Your Decision Style Under Pressure
Leaders often describe themselves as analytical, collaborative, or intuitive decision-makers. But under stress or time pressure, actual behavior can diverge from stated preferences.
Common unconscious styles include:
- Intuitive – fast gut decisions, driven by ease.
- Analytical – data-seeking, motivated by responsibility.
- Delaying – waiting for “the right time” or more data.
- Spontaneous – deciding just to be done with it.
- Consultative – asking everyone else, but not deciding.
Understanding your dominant style — and how it shifts in different contexts — helps you act more consciously, not habitually.
The Decision You Don’t Make
Not every decision must be made right now. In uncertain or dynamic contexts, waiting can be a mark of maturity. Leaders who hold back create space – for clarity, for team input, for conditions to evolve.

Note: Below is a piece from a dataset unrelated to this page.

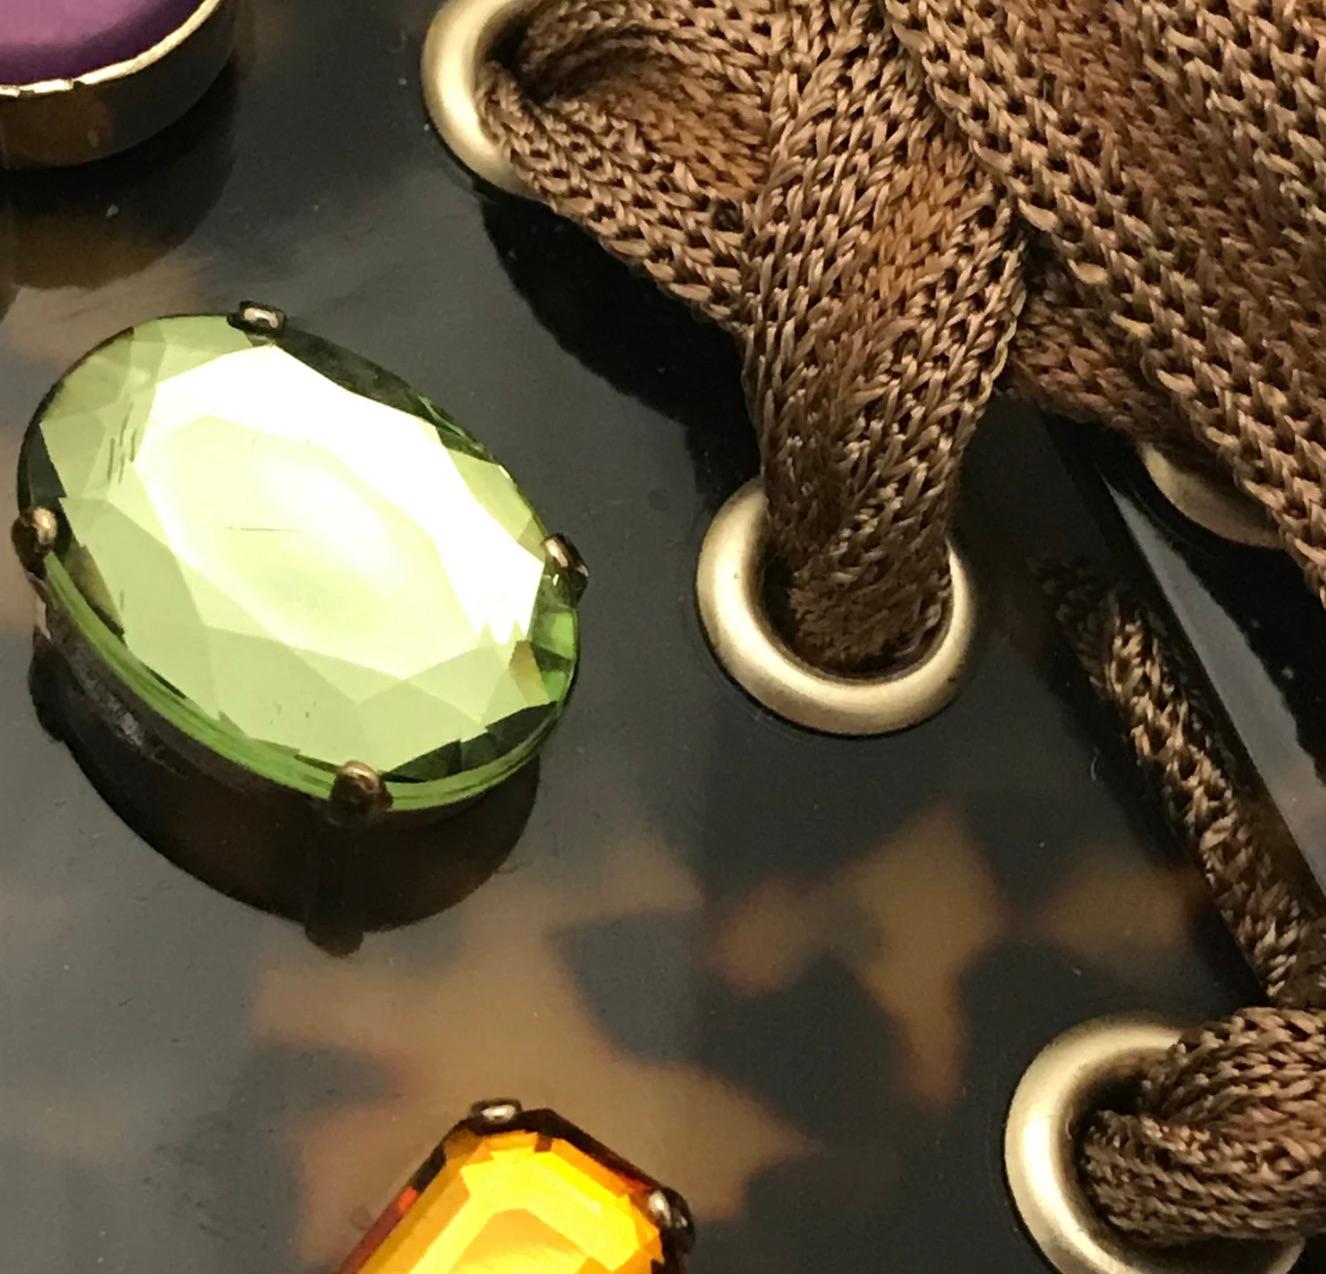 Edelsteinbesetzte Halskette im Vintage-Look von Missoni. Halsband aus Schildpatt-Harz in Braun- und Bernsteintönen, verziert mit rosa, grünen, lilafarbenen und orangefarbenen Edelsteinen in einem goldfarbenen Metallgehäuse. Alle Edelsteine sind

This is where cognitive agility comes in: the ability to switch between thinking modes, perspectives, and strategies. The leader who pauses isn’t passive; they’re intentional.
Leadership Debt
Just like technical debt weakens a product, leadership debt erodes culture, trust, and accountability. It’s not a single poor decision, but a buildup of silence, hesitation, and avoidance.
Common forms include:
- Unmade decisions — creating stagnation and distrust
- Unaddressed conflicts — fueling tension and dysfunction
- Delayed changes — signaling fear or passivity
- Conversations never had — that could’ve changed something
Repayment starts with honest reflection:
- What have I been postponing as a leader?
- Is my team already paying the price for my avoidance?
You can’t repay it all at once, but you can start: with one conversation, one clear decision, one act of ownership.
In closing
It’s not about making faster decisions. It’s about making more conscious ones. With reflection, with tools, and with the courage to pause.
In an era of cognitive overload, leaders need not only focus, but space. Sometimes the best decision is the one you’re still allowing to form.
Instead of chasing perfect answers, learn to ask better questions and give yourself time to hear them.